A little over a year ago, starting on Ash Wednesday; with the Marjory Stoneman Douglas High School shooting in Parkland, Florida; I reflected on prayer's purpose and power in life. Tonight, with last Friday's attack in Christchurch, New Zealand, which happened during Jumu'ah prayers at their masjid, I returned to these same reflections.
There are different expressions of mourning and tribute that bring up different reactions to this attack. Not surprisingly the ones uppermost in our minds tonight are from New Zealand and some from the Muslim traditions of honoring the dead. There are students in New Zealand performing a Māori haka war dance (follow the link), a celebration of strength and community in tribute to their classmates.
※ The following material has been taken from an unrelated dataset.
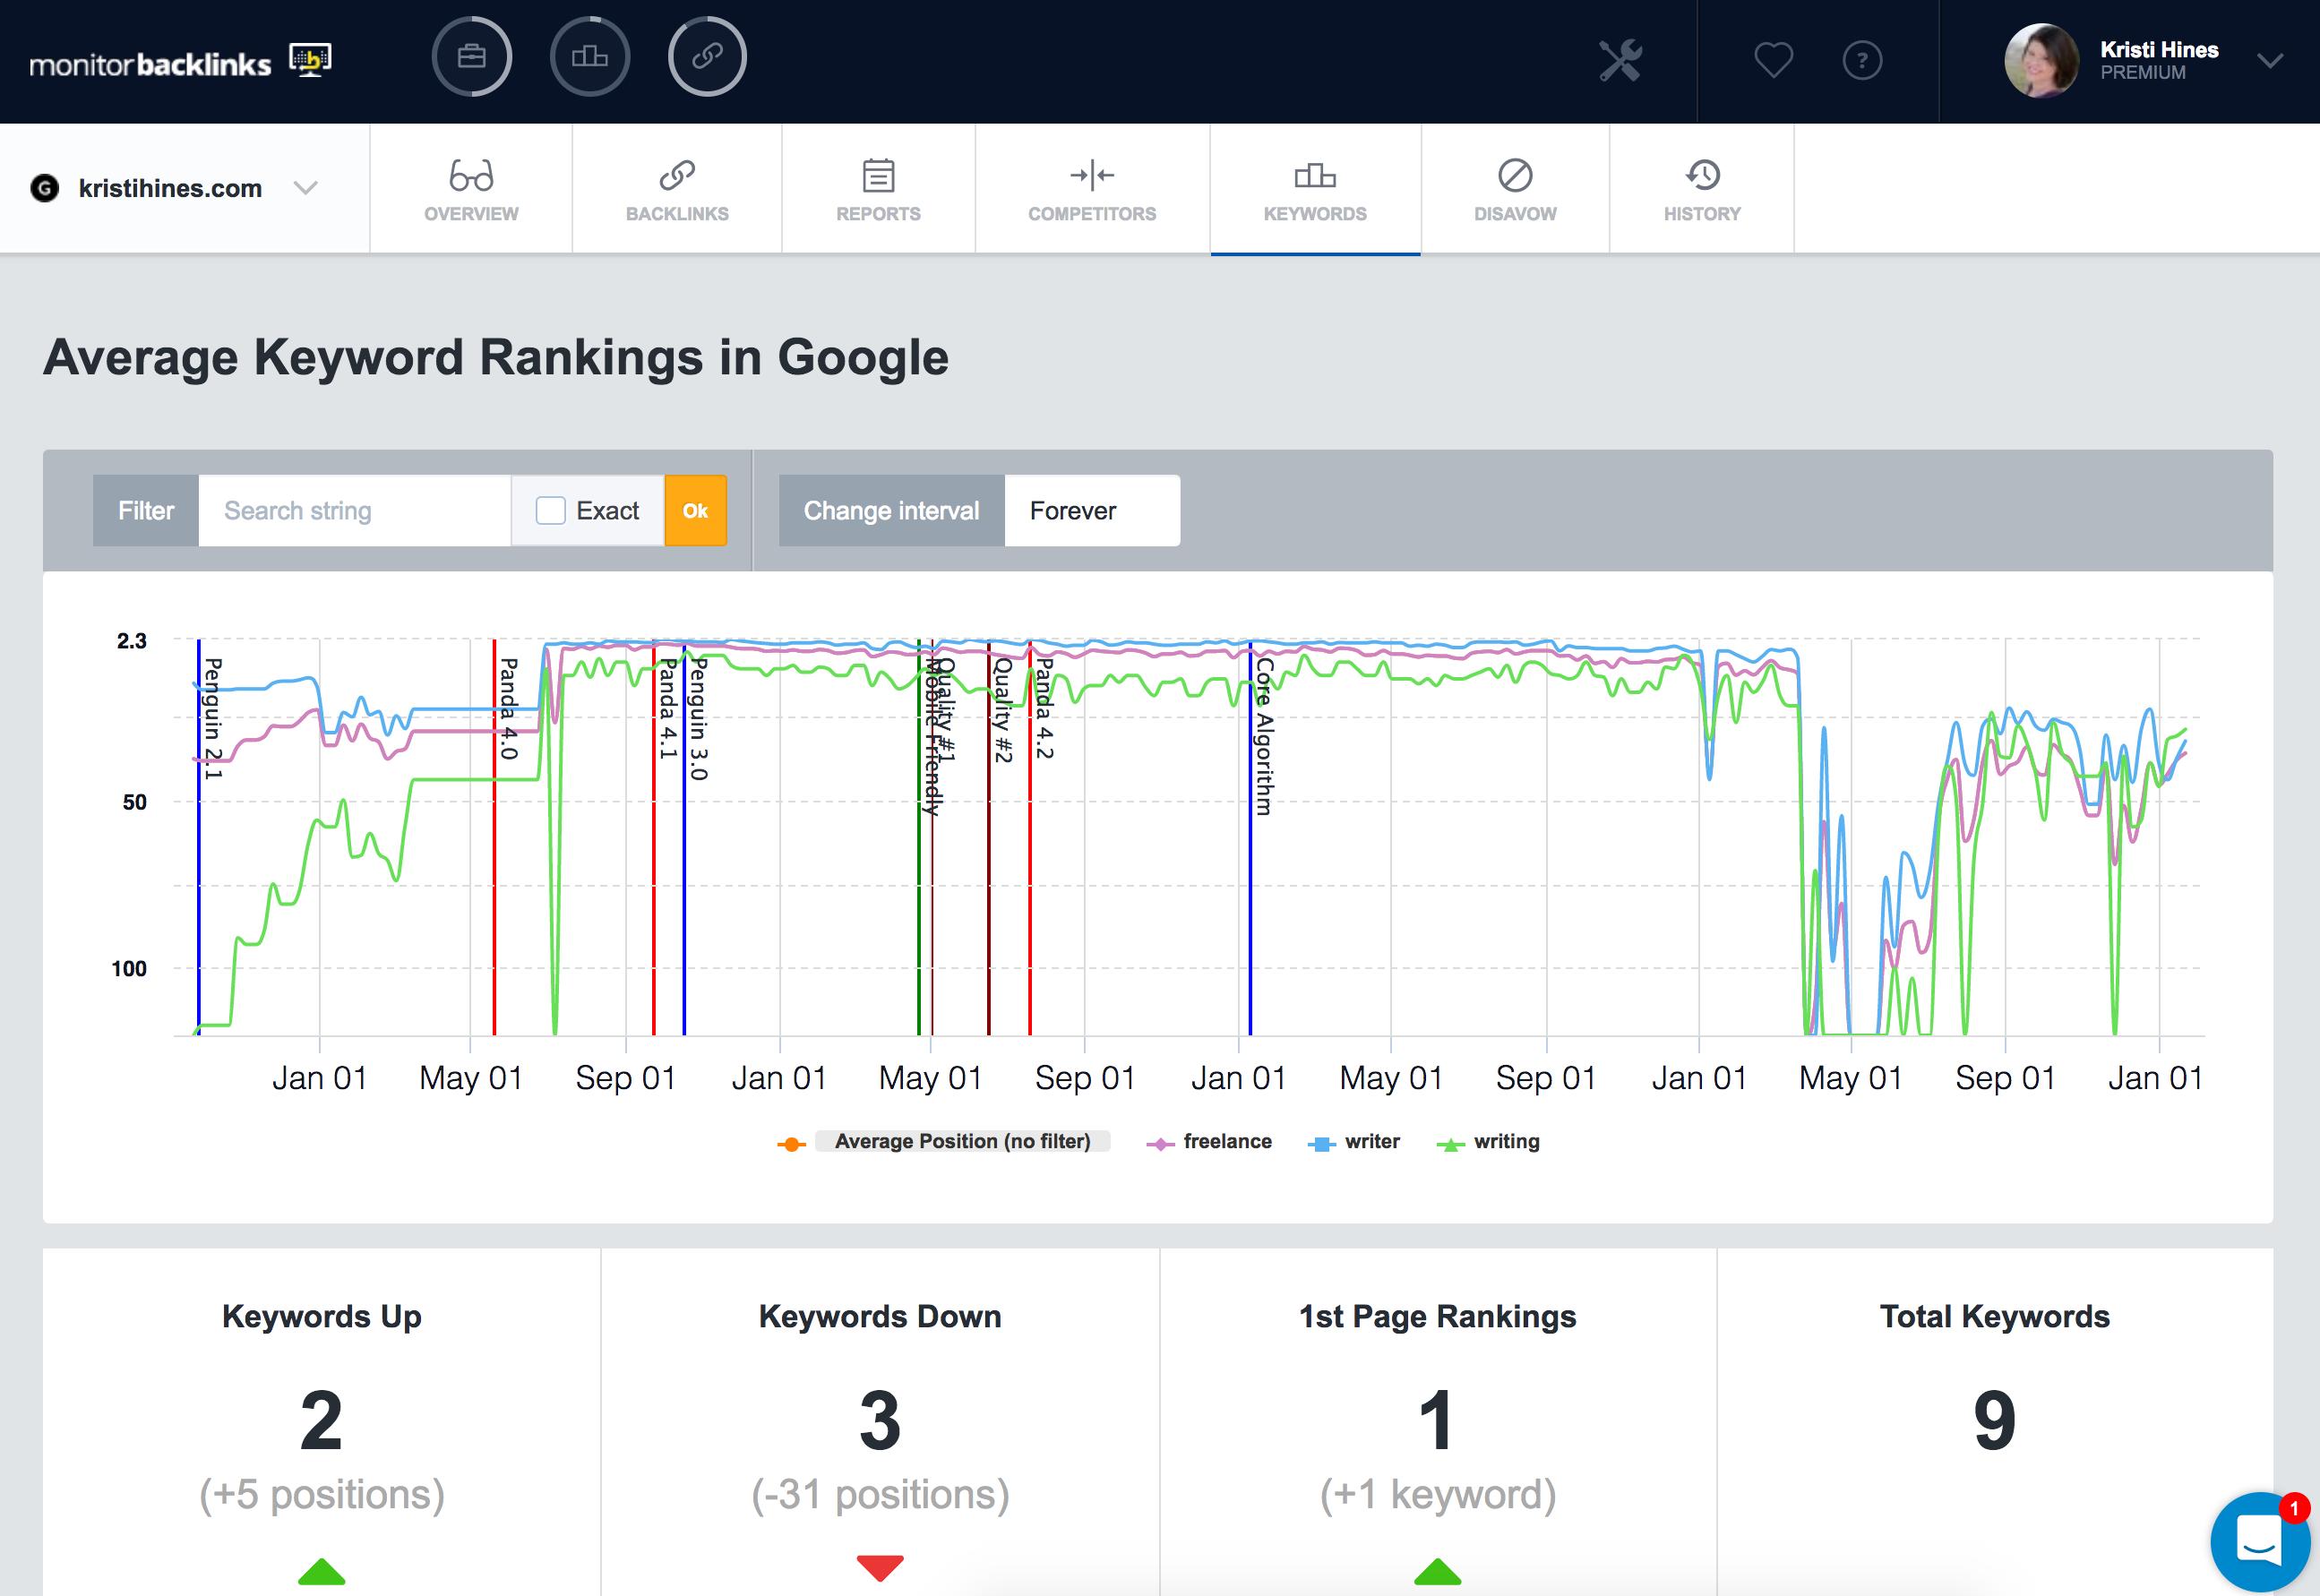 SEO Tools Software Comparison - Monitor Backlinks

The Māori - Kia kaha (be strong) support is clear.
In 1989, the people of New Zealand came together to create what is called the New Zealand Prayer Book. Creator occasionally recites the Lord's Prayer from this He Karakia Mihinare o Aotearoa which addresses not only a world that is full of wonder and joy, but also is full of sorrow and pain.
There is another prayer from the New Zealand Prayer Book that has illuminated a path for me during these last few days:
God of hope, we come to you in shock and grief and confusion of heart. Help us to find peace in the knowledge of your loving mercy to all your children and give us light to guide us out of our darkness into the assurance of your love. Amen.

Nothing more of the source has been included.